Data provided ::

***

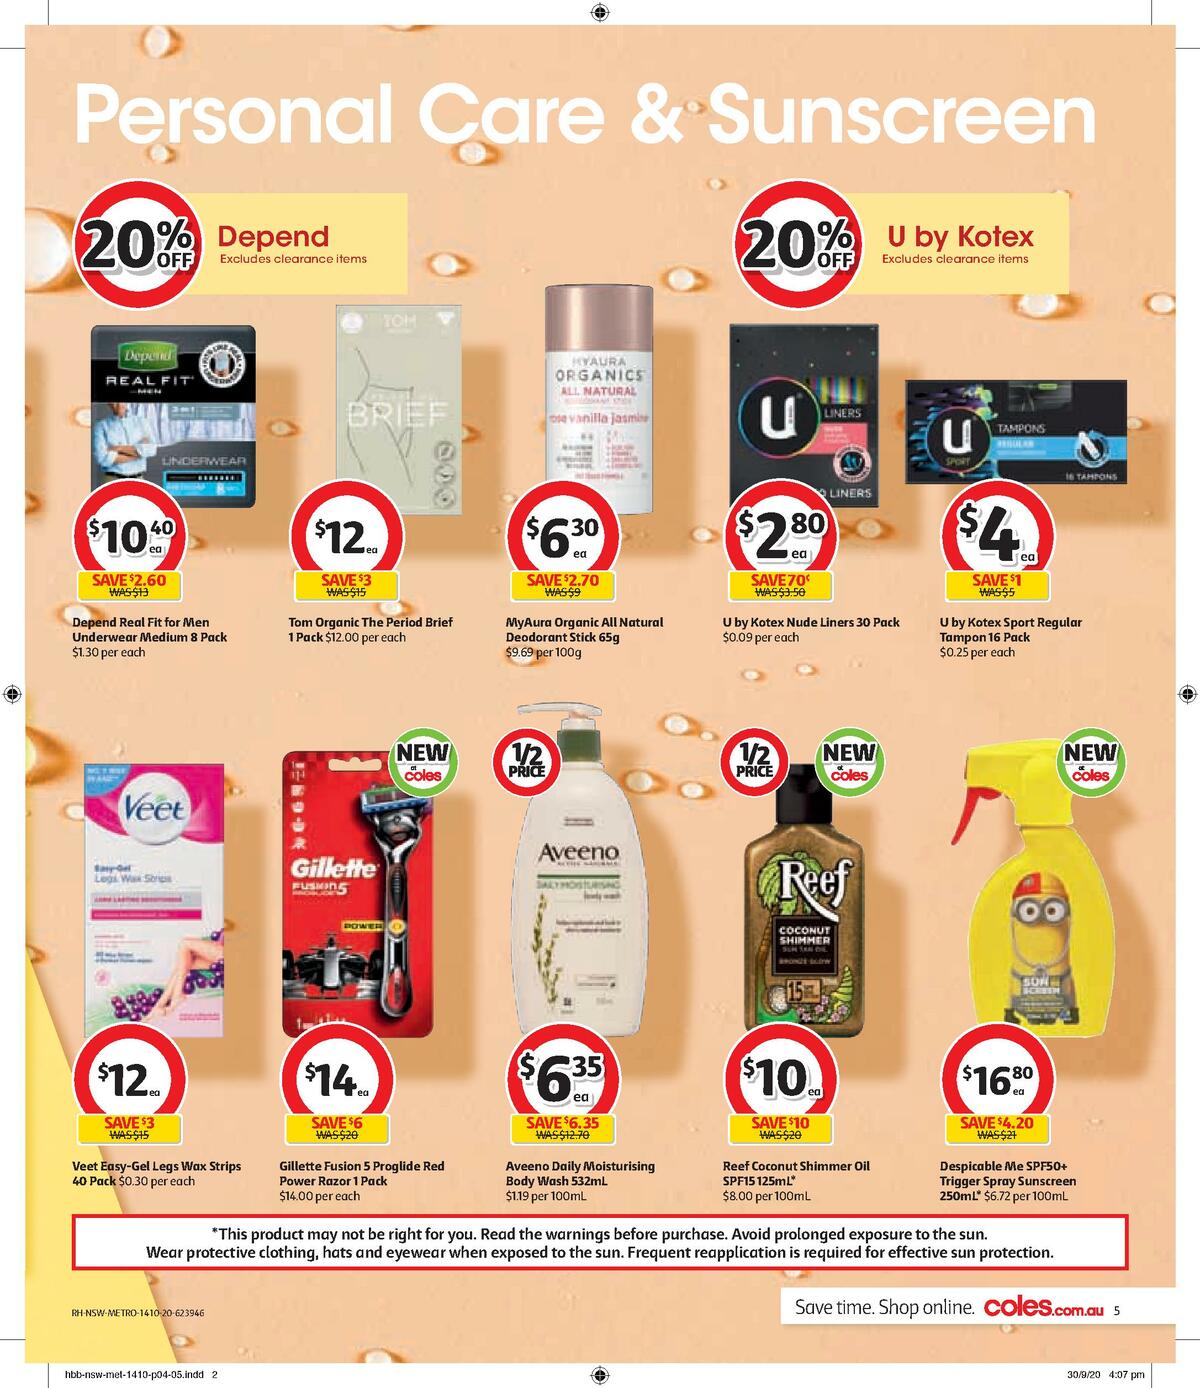 Coles Health & Beauty Catalogues from 14 October
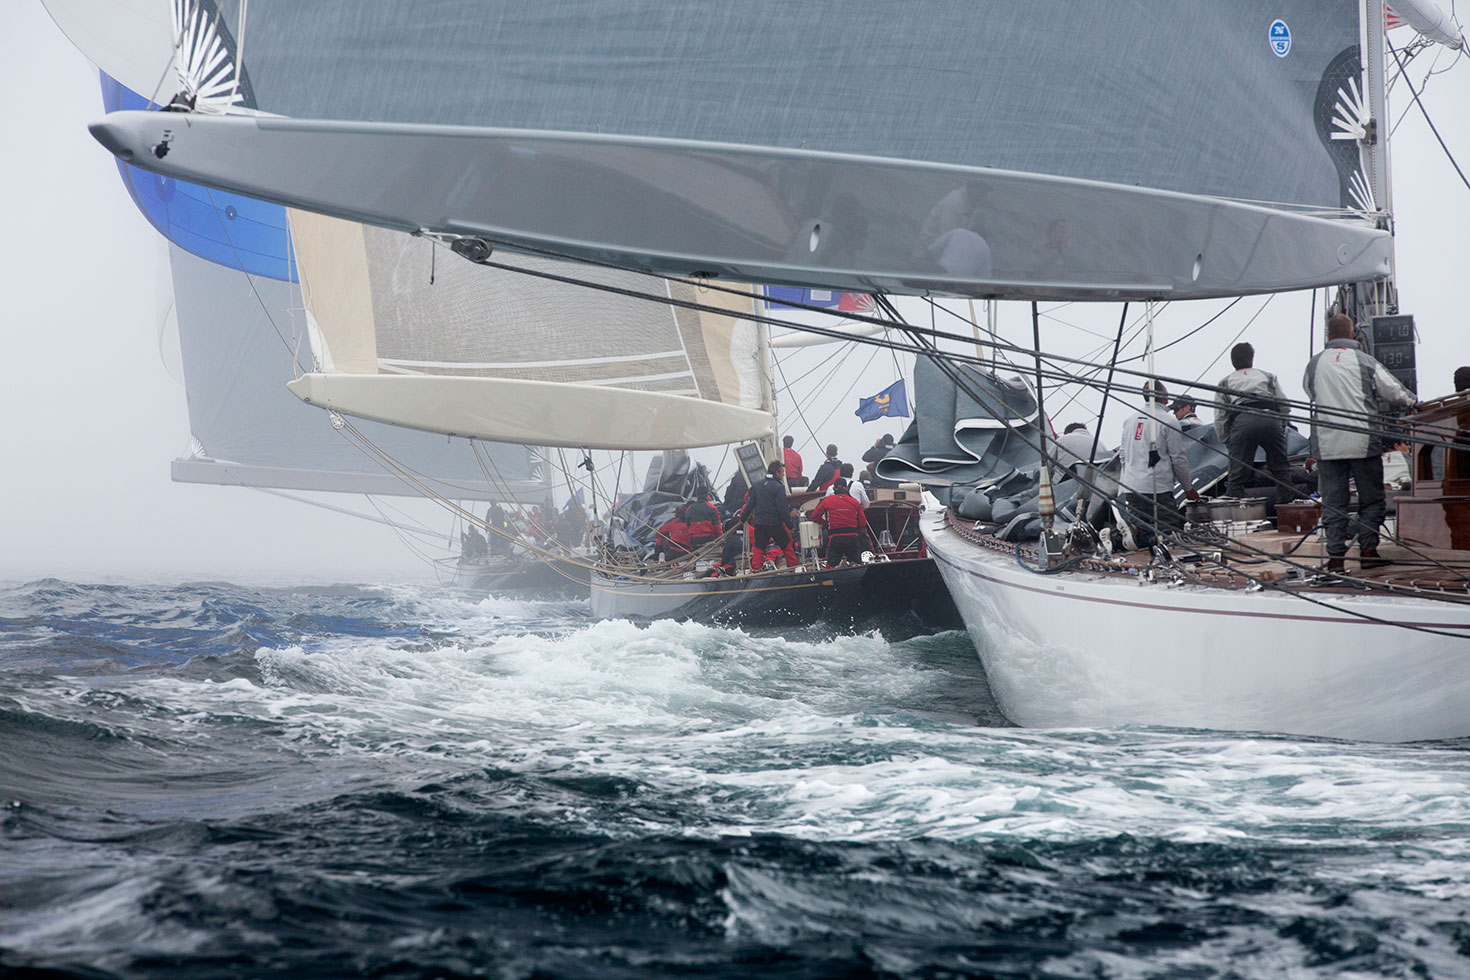 Photo: Lionheart leads Velsheda and lastly Ranger on a downwind leg (looks great blown up) at the J Class Falmouth 2012 © Emily Harris Photography
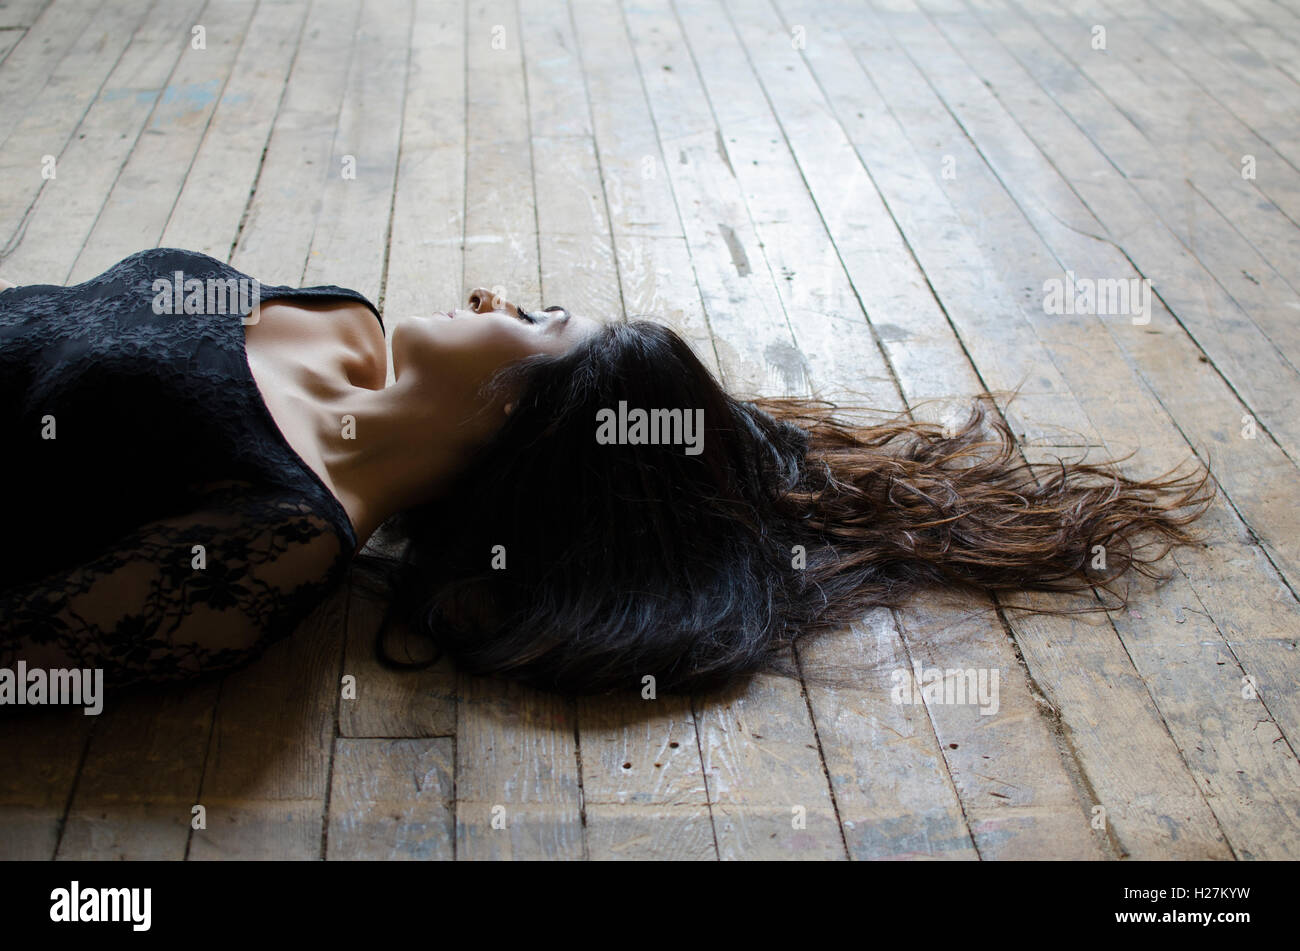 Woman With Long Dark Hair Laying Down On The Floor Stock Photo

***

Exercise :: All of the material goes into the answer exactly as it stands, except for the pictures.

Exercise response ::
 Coles Health & Beauty Catalogues from 14 October
 Photo: Lionheart leads Velsheda and lastly Ranger on a downwind leg (looks great blown up) at the J Class Falmouth 2012 © Emily Harris Photography
 Woman With Long Dark Hair Laying Down On The Floor Stock Photo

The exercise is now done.